→ **PROBLEM REQUIREMENTS**:
Repeat every line of the data exactly, but not the pictures.

--- SUPPLIED DATA Enclosed Below ---

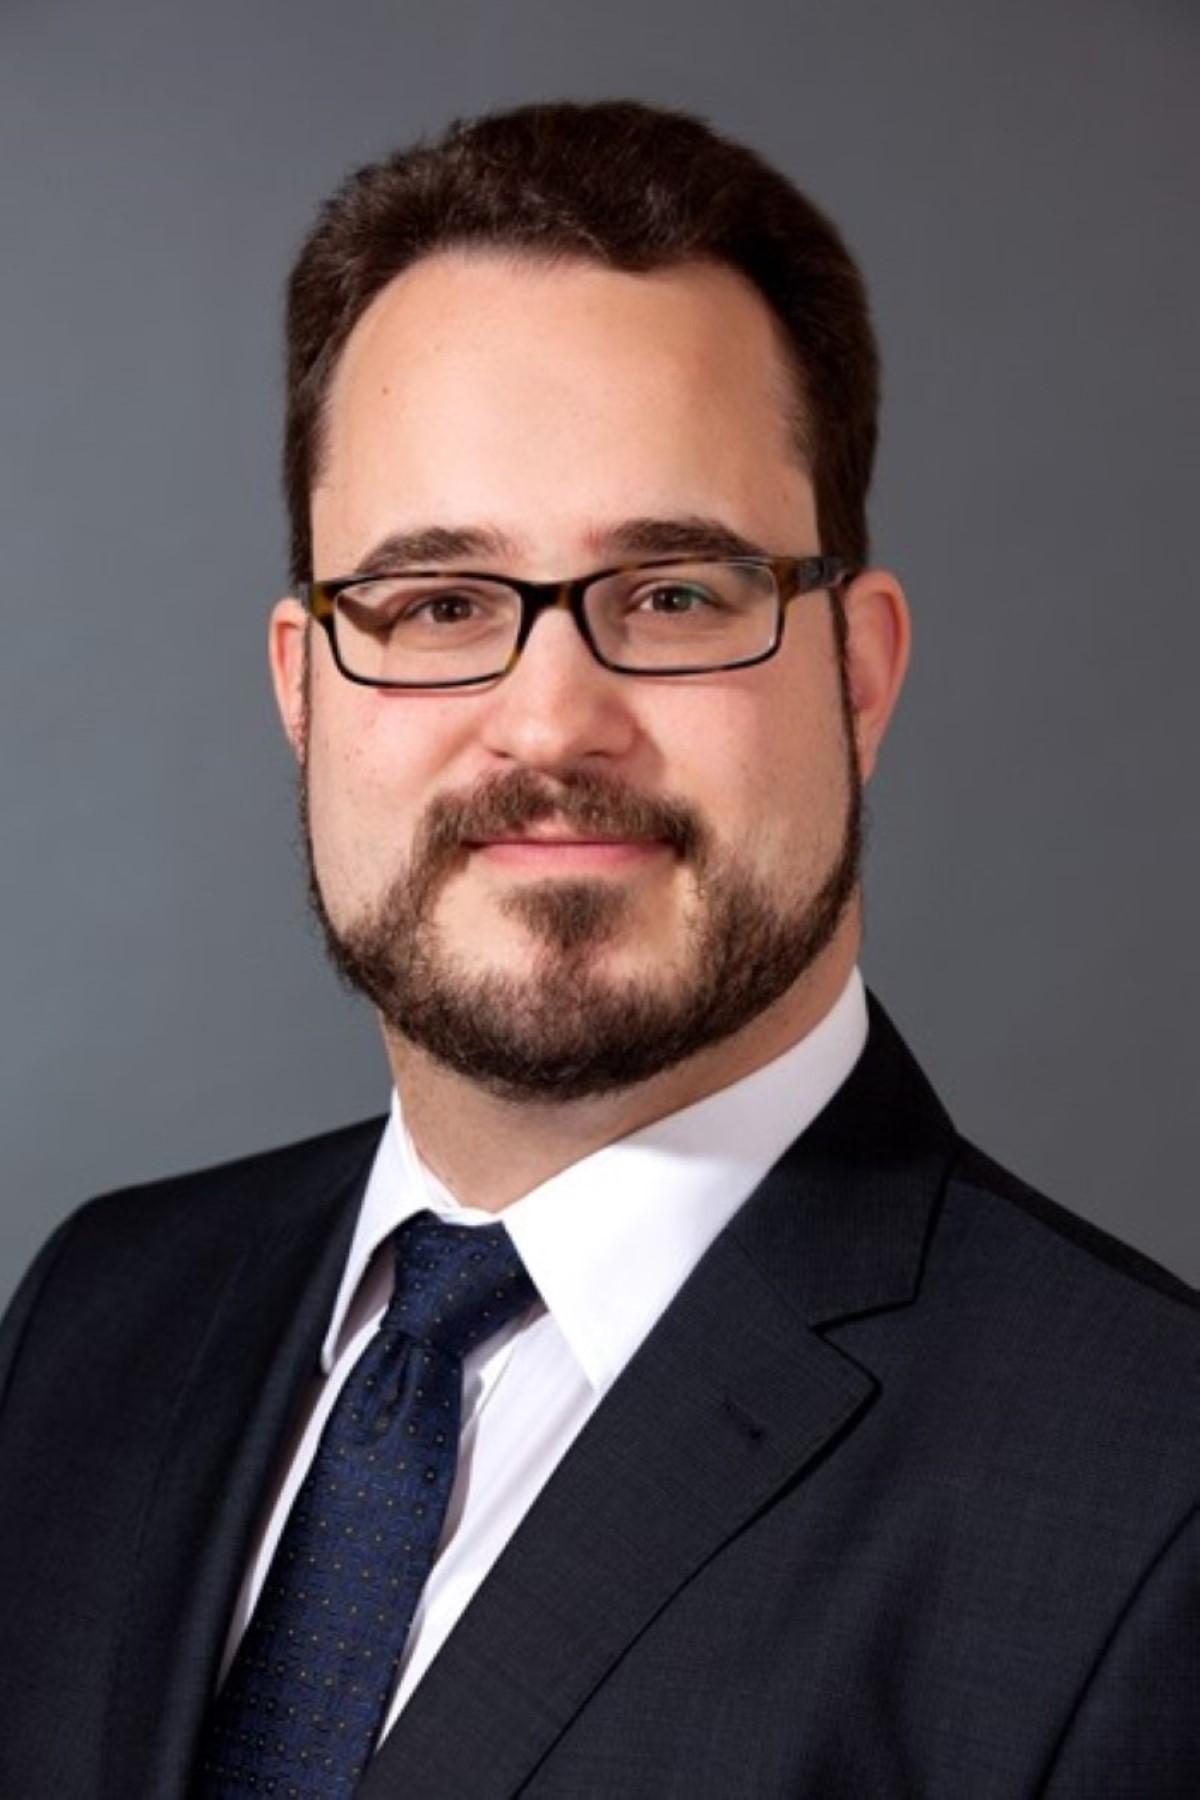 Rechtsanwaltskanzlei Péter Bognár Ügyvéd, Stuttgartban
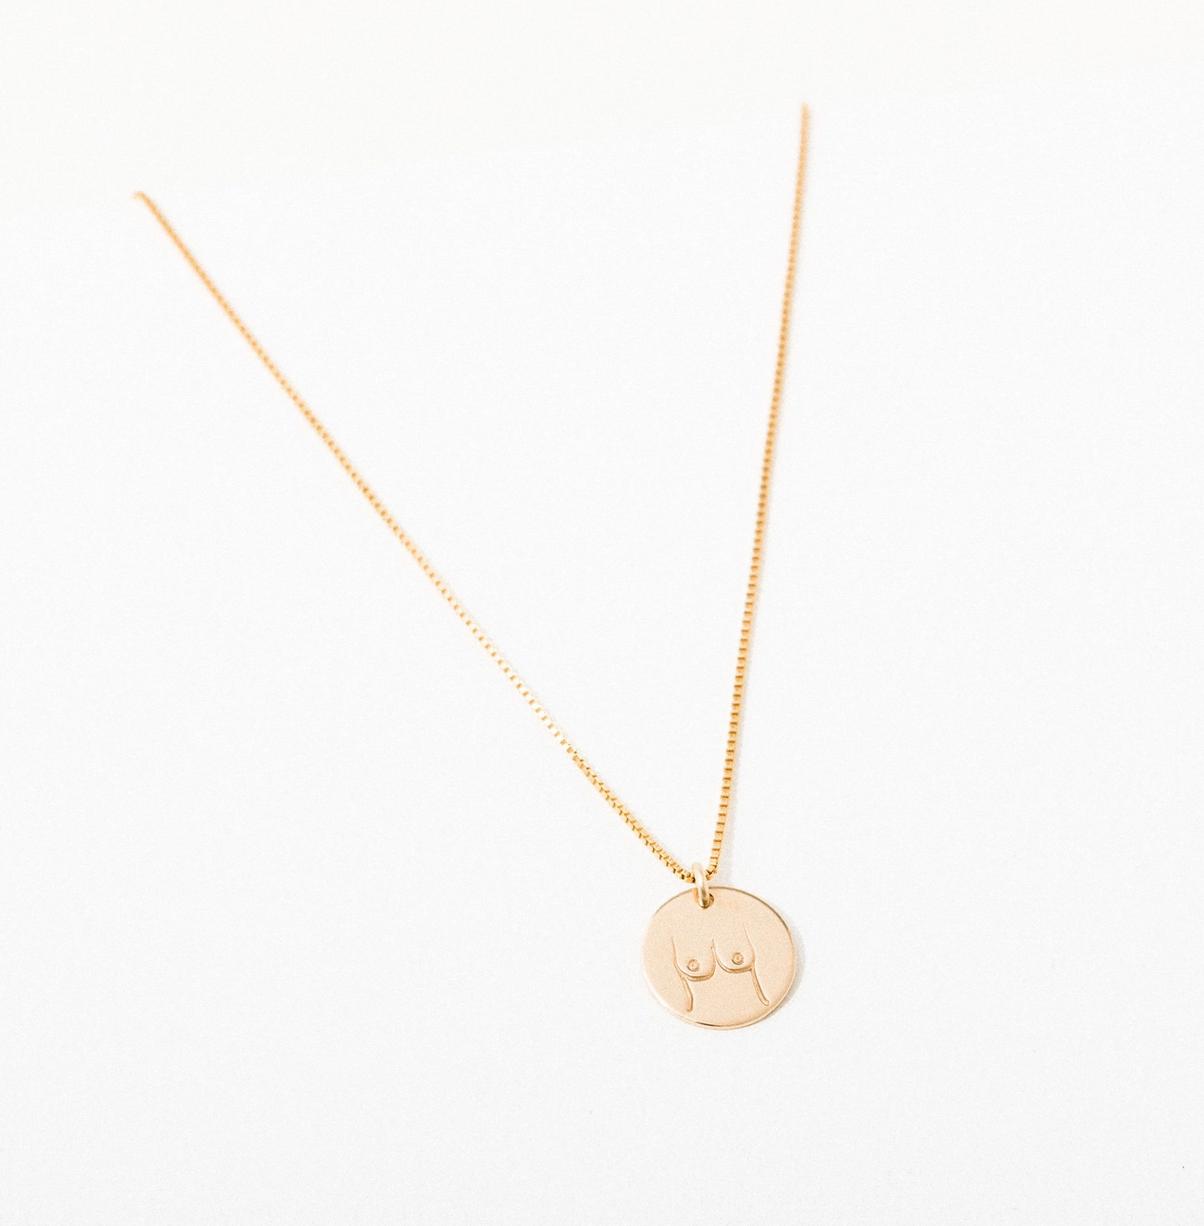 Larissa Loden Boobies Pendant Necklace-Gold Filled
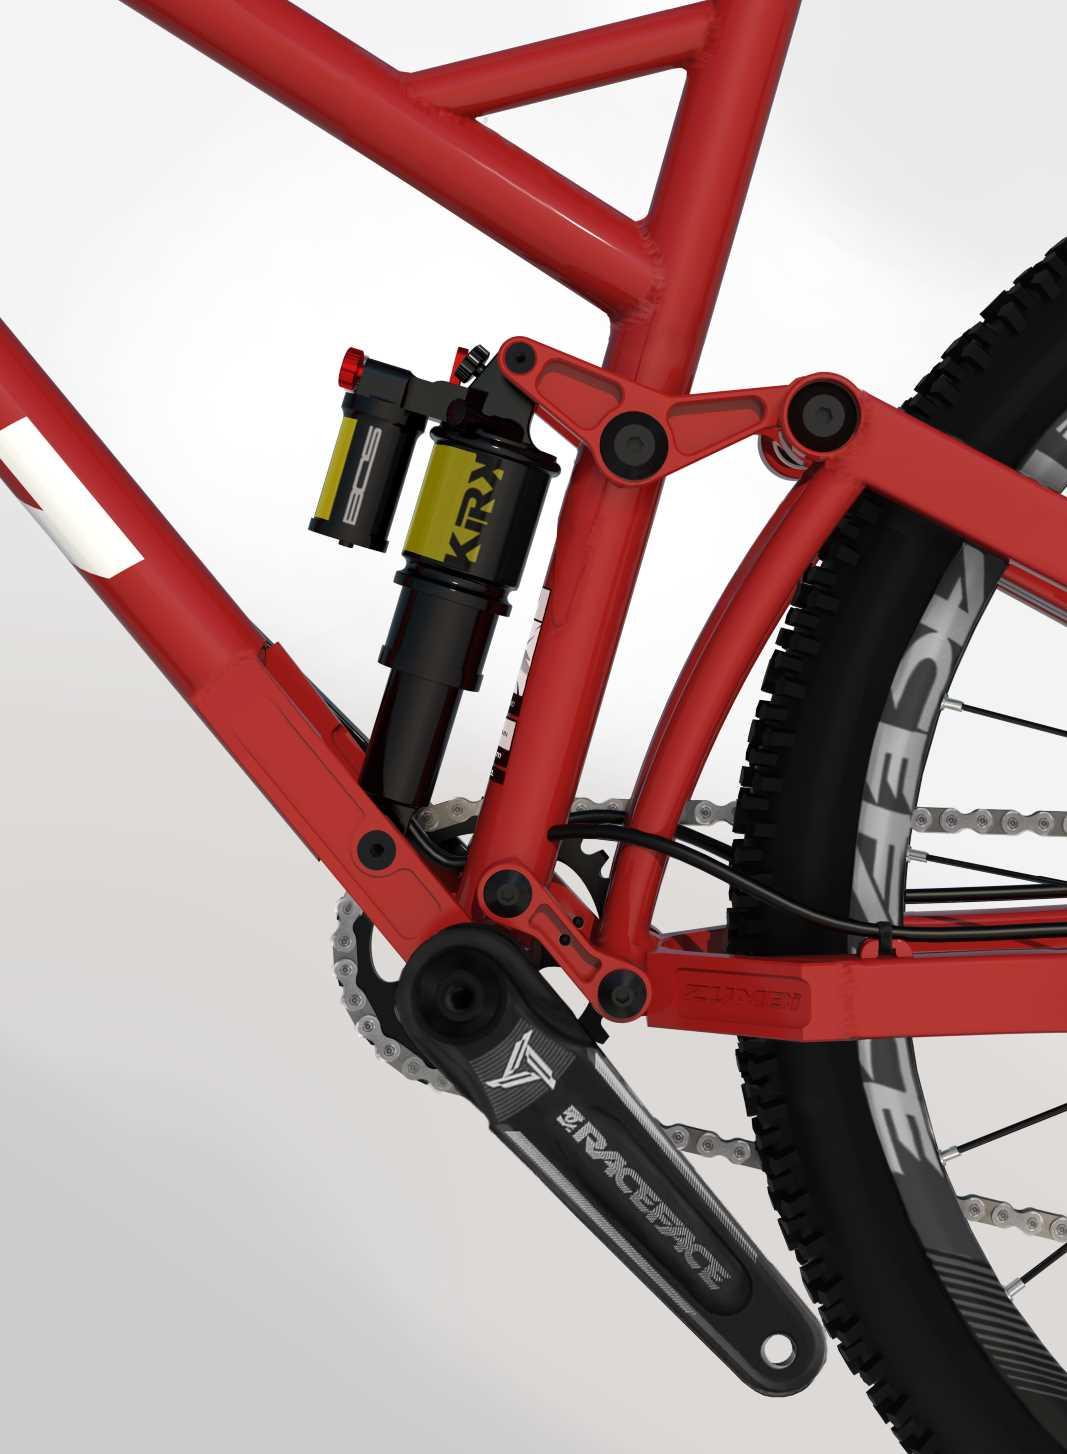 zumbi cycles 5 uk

--- End of Enclosed SUPPLIED DATA ---

→ **RESPONSE TO THIS TASK**:
 Rechtsanwaltskanzlei Péter Bognár Ügyvéd, Stuttgartban
 Larissa Loden Boobies Pendant Necklace-Gold Filled
 zumbi cycles 5 uk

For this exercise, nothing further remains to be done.